The captive supplier is no longer captive — and that may be the point.
- What changed April 27, 2026. Microsoft announced the next phase of the OpenAI partnership: Azure exclusivity removed (right of first refusal gone), OpenAI can now ship on AWS and Google Cloud, Microsoft no longer pays revenue share to OpenAI, and OpenAI's revenue share back to Microsoft is now capped through 2030. IP rights extend to 2032.
- What it touches. ~45% of commercial backlog was OpenAI-linked at the Q2 FY26 disclosure ($625B then; $627B at Q3); the non-OpenAI portion grew 28% year-on-year. The Musk v. Altman trial surfaced a 2022 Nadella email — 'better to be an investor and not even take all this execution risk' — that fits the new posture.
- Bull and bear of it. Bull read: Microsoft retains a $250B OpenAI Azure commitment, IP through 2032, and is freed from revenue share. Bear read: nearly half of contracted backlog is now non-exclusive, and Microsoft's internal Phi and MAI models are not yet credible on frontier benchmarks.
Worst quarter since 2008 — Ackman bought it, the Gates Trust sold it.
- The drawdown. From the October 28, 2025 closing peak of $542 the stock fell to a $357 low on March 27, 2026 — a ~34% drawdown. Q1 calendar-2026 was the steepest quarterly decline (~23%) since Q4 2008. The May 15 close at $421.92 has reclaimed roughly a third of the slide.
- The split tape. Bill Ackman built a Pershing Square position in Q1 (accumulation began February) at ~21× forward earnings, calling it a core holding and funding it by selling Alphabet. The Gates Foundation Trust completed a $3.2B exit (final 7.7M shares in Q1 2026); Chris Hohn's TCI divested most of its ~$8B stake.
- The decision date. Q4 FY26 prints late July 2026 (FY25 print was July 30, 2025). Three line items — Microsoft Cloud gross margin (FY25 was 69%; Q4 FY26 management guide ~66%), free cash flow growth, and the first FY27 capex framing — settle whether the build is absorbing depreciation or breaking the franchise.
Lean long — the seat franchise floors the downside, but wait for one print of confirmation.
- For. Operating margin expanded to 46.3% in Q3 FY26 on +18% revenue. AI business ARR hit $37B, +123% year-on-year. Incremental AI revenue is already outpacing incremental D&A — the cleanest leading proof point on the absorption question.

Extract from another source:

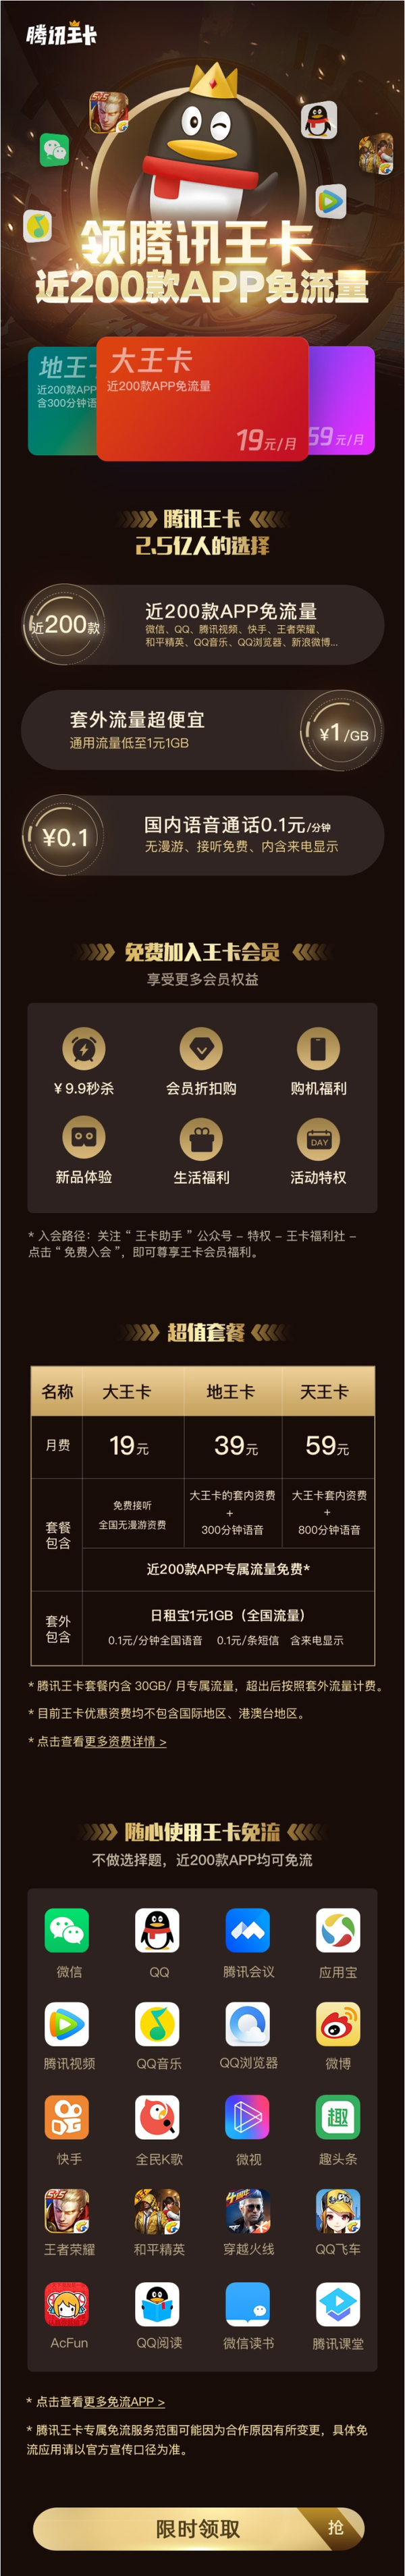  中国联通 腾讯大王卡 月租19元 腾讯系APP专享30GB流量

- For. Seat-franchise math plus ~$51B net cash plus the OpenAI economic interest covers roughly two-thirds of the $3.1T quote at a ~21× forward P/E sitting below the five-year average. Consensus price targets cluster in the $570-650 range from major bulge brackets; Buy or Strong Buy across a majority of the sell-side panel.

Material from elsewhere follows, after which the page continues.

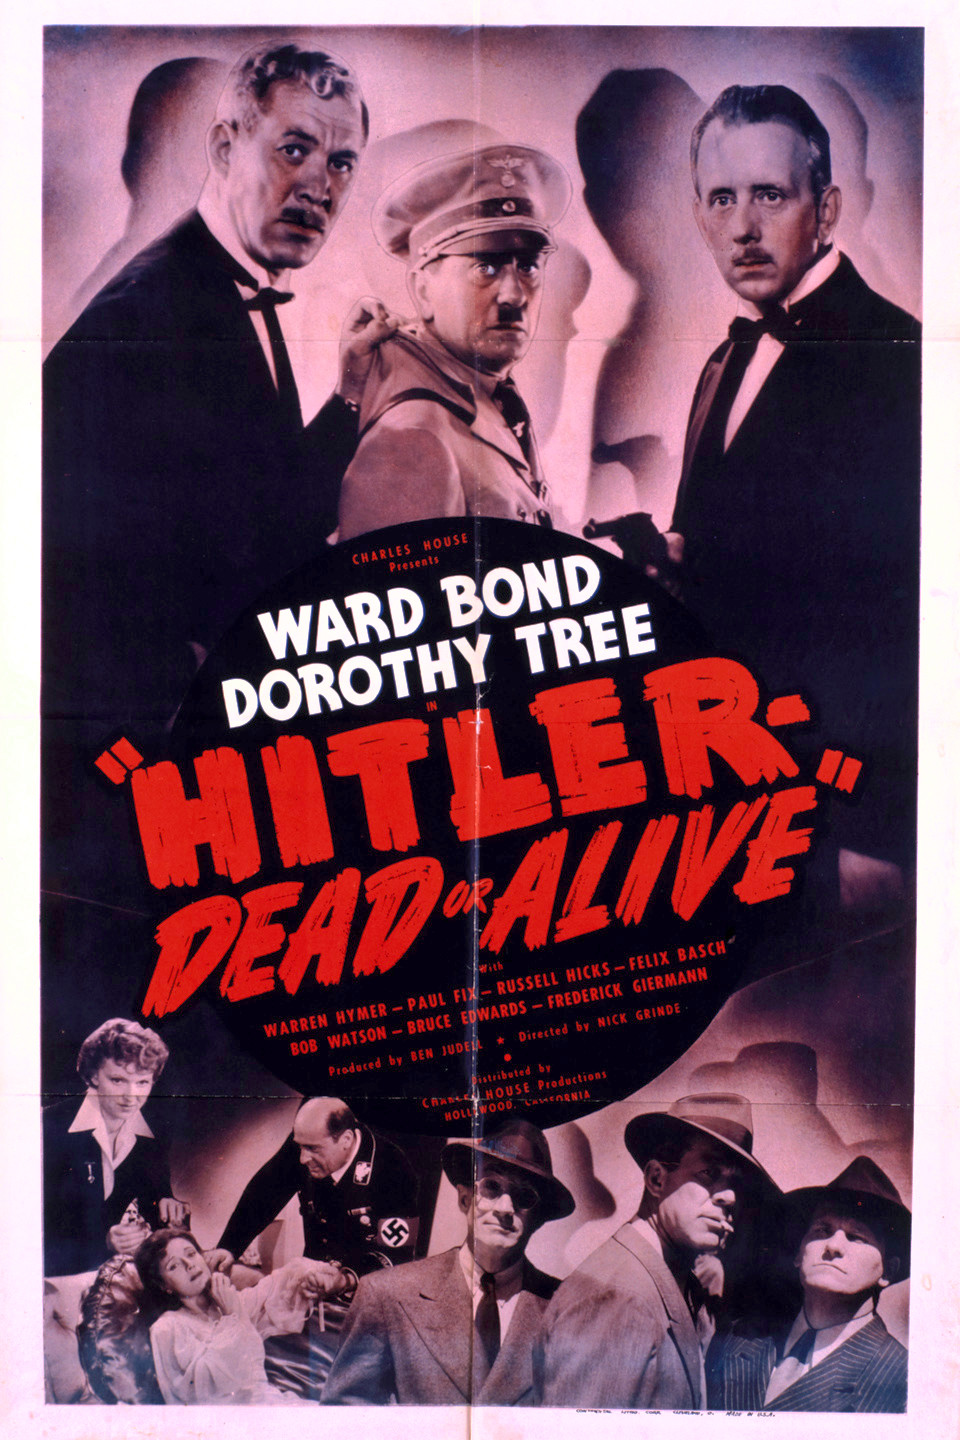 Hitler--Dead or Alive (1942) Screenshot 5

- Against. Microsoft Cloud gross margin slid from 72% (FY23) to 71% (FY24) to 69% (FY25), with management guiding ~66% for Q4 FY26; total company GAAP gross margin printed 67.6% in Q3 FY26, the narrowest since 2022. Capex/D&A sits at 1.89× against 5-6 year asset lives in a market where foundation-model architecture has moved every twelve months.
- Against. ~20M paid Copilot seats at Q3 FY26 is just ~5% of the ~415M commercial M365 base after 18 months of saturation marketing — and per-product disclosure regressed to aggregate AI run-rate at the precise moment unit economics matter most.
Watchlist to re-rate: Microsoft Cloud gross margin (holds at or above 68% on the FY26 reported full-year = bull; trends through ~66% guide for Q4 = bear); Azure constant-currency growth (currently +39% — falls below 25% with management citing demand, not supply = bear); FY27 capex framing on the Q4 FY26 call (language softer than 'continue to grow' = inflection).